Member of the Malacca State Legislative Assembly for Ayer Limau
- Incumbent
- Assumed office 20 November 2021
- Preceded by: Amiruddin Yusop (BN–UMNO)
- Majority: 1,085 (2021)

Faction represented in Malacca State Legislative Assembly
- 2021–: Barisan Nasional

Personal details
- Born: 8 February 1973 (age 53) Ayer Limau, Malacca, Malaysia
- Party: United Malays National Organisation (UMNO)
- Other political affiliations: Barisan Nasional (BN)
- Occupation: Politician
- Profession: Teacher
- Hameed Mytheen Kunju Basheer on Facebook

= Hameed Mytheen Kunju Basheer =

Malaysian politician (born 1973)

Hameed bin Mytheen Kunju Basheer (born 8 February 1973) is a Malaysian politician and teacher who has served as Member of the Malacca State Executive Council (EXCO) in the Barisan Nasional (BN) state administration under Chief Minister Ab Rauf Yusoh since April 2023 and Member of the Malacca State Legislative Assembly (MLA) for Ayer Limau since November 2021. He is a member of the United Malays National Organisation (UMNO), a component party of the BN coalition.
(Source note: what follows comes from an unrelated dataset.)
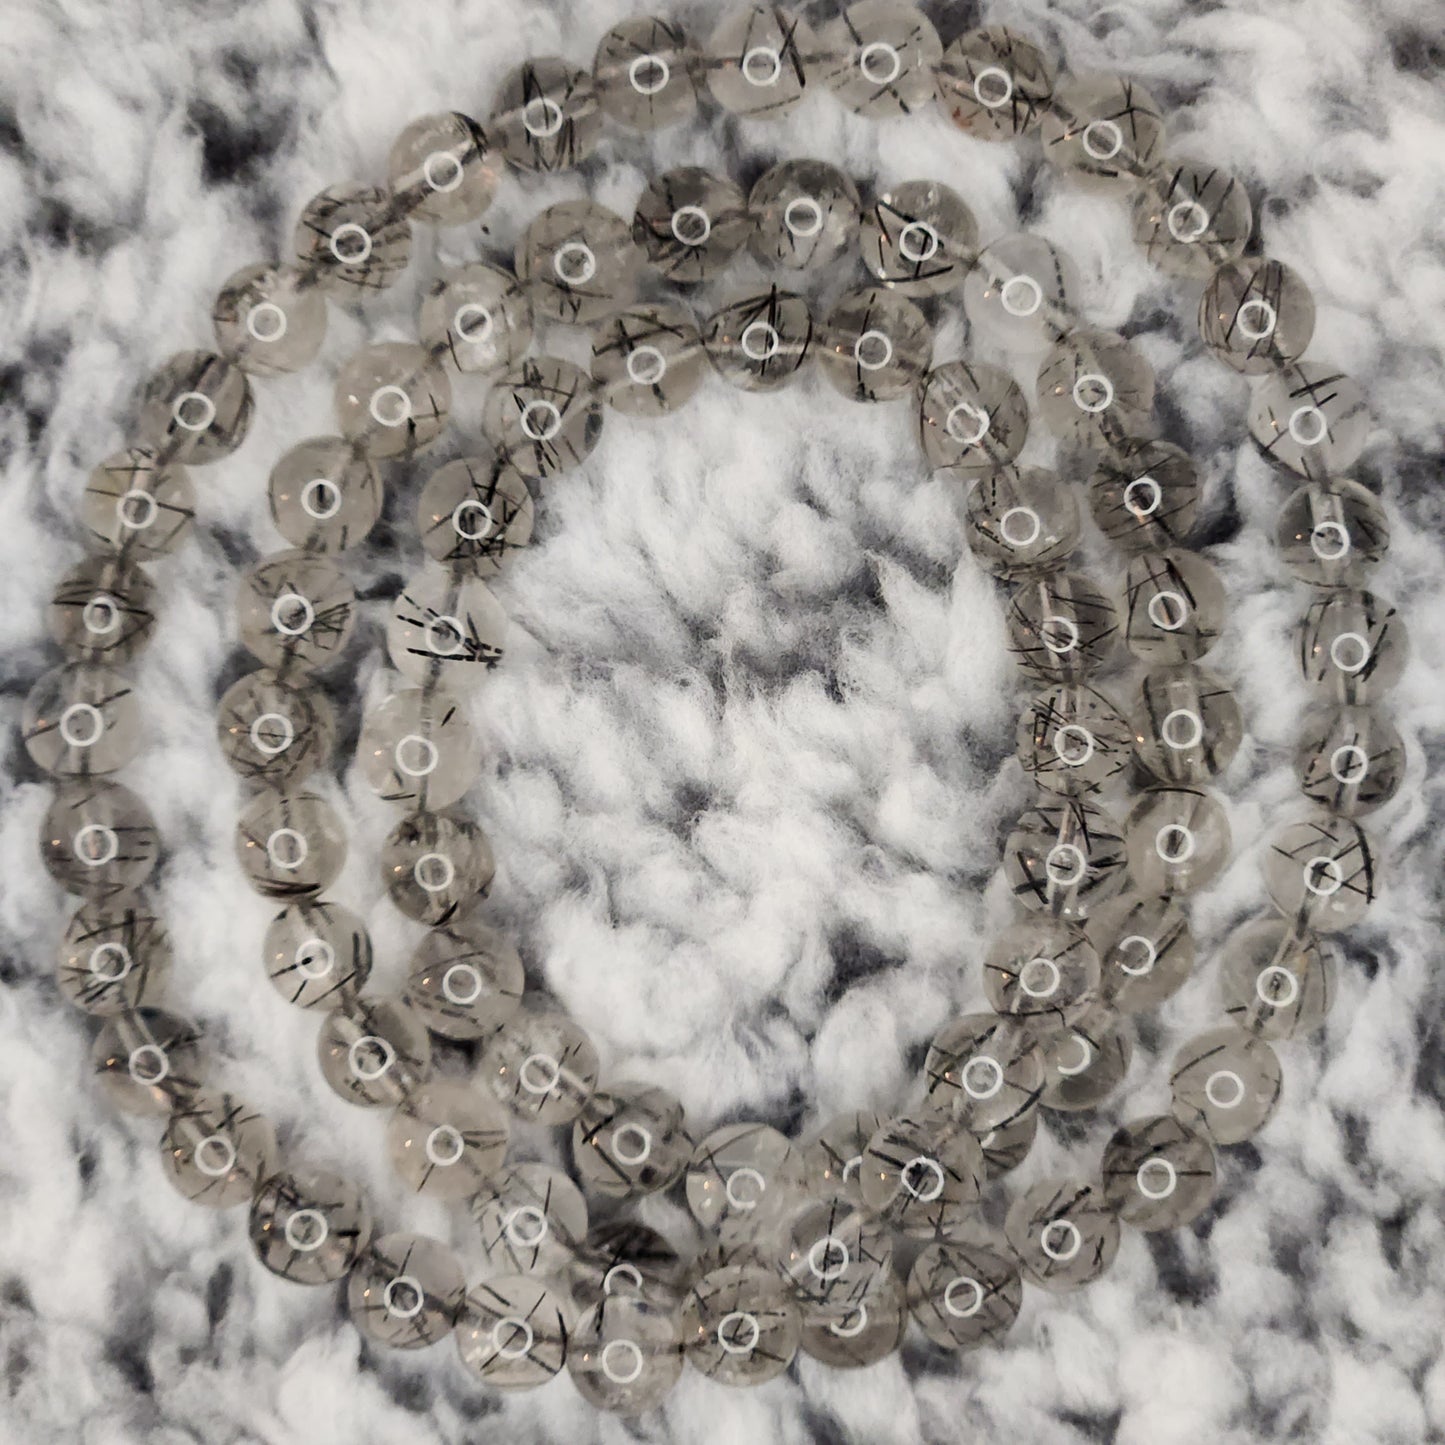 Black Tourmaline in Quartz Bead Necklace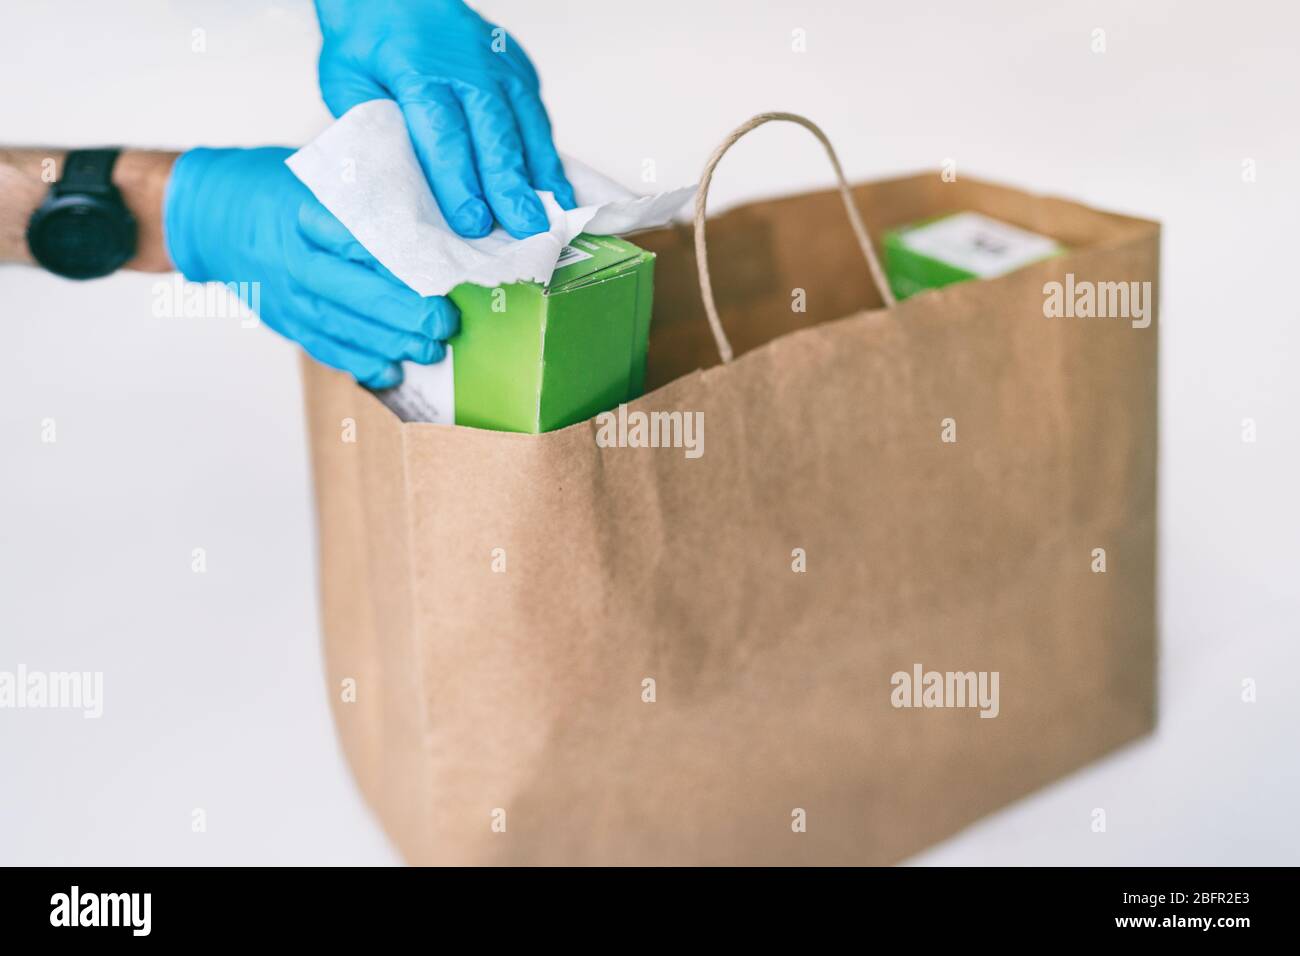 Désinfection de la livraison de nourriture à domicile désinfection des emballages de sacs de shopping en ligne avec des lingettes désinfectantes. Désinfecter les surfaces des emballages avec des gants. COVID-19 hygiène préventive. Banque D'Images

He is the Division Vice Chief and Youth Chief of UMNO of Masjid Tanah. He was a physical education teacher at the Alor Gajah Maktab Rendah Sains Mara (MRSM).

== Political career ==
Hameed Mytheen was elected to the Melaka State Legislative Assembly in the 2021 Melaka state election on 20 November 2021, winning the seat of Ayer Limau from Amiruddin Yusop also of the BN coalition who was retiring as an MLA. He was also appointed as Member of the Melaka State EXCO in charge of Works, Infrastructure, Public Facilities and Transport by the 13th Chief Minister Ab Rauf on 5 April 2023.

== Election results ==

Malacca State Legislative Assembly
| Year | Constituency | Candidate |  | Votes | Pct | Opponent(s) |  | Votes | Pct | Ballots cast | Majority | Turnout |
| 2021 | N03 Ayer Limau |  | Hameed Mytheen Kunju Basheer (UMNO) | 3,838 | 51.94% |  | Noordina Abd Latif (BERSATU) | 2,753 | 37.25% | 7,389 | 1,085 | 66.71% |
|  | Maznah Baharuddin (AMANAH) | 798 | 10.80% |

==Honours==
- Malaysia
  - Medal of the Order of the Defender of the Realm (PPN) (2015)
- Malacca
  - Companion Class II of the Exalted Order of Malacca (DPSM) – Datuk (2020)
  - Recipient of the Commendable Service Star (BKT) (2014)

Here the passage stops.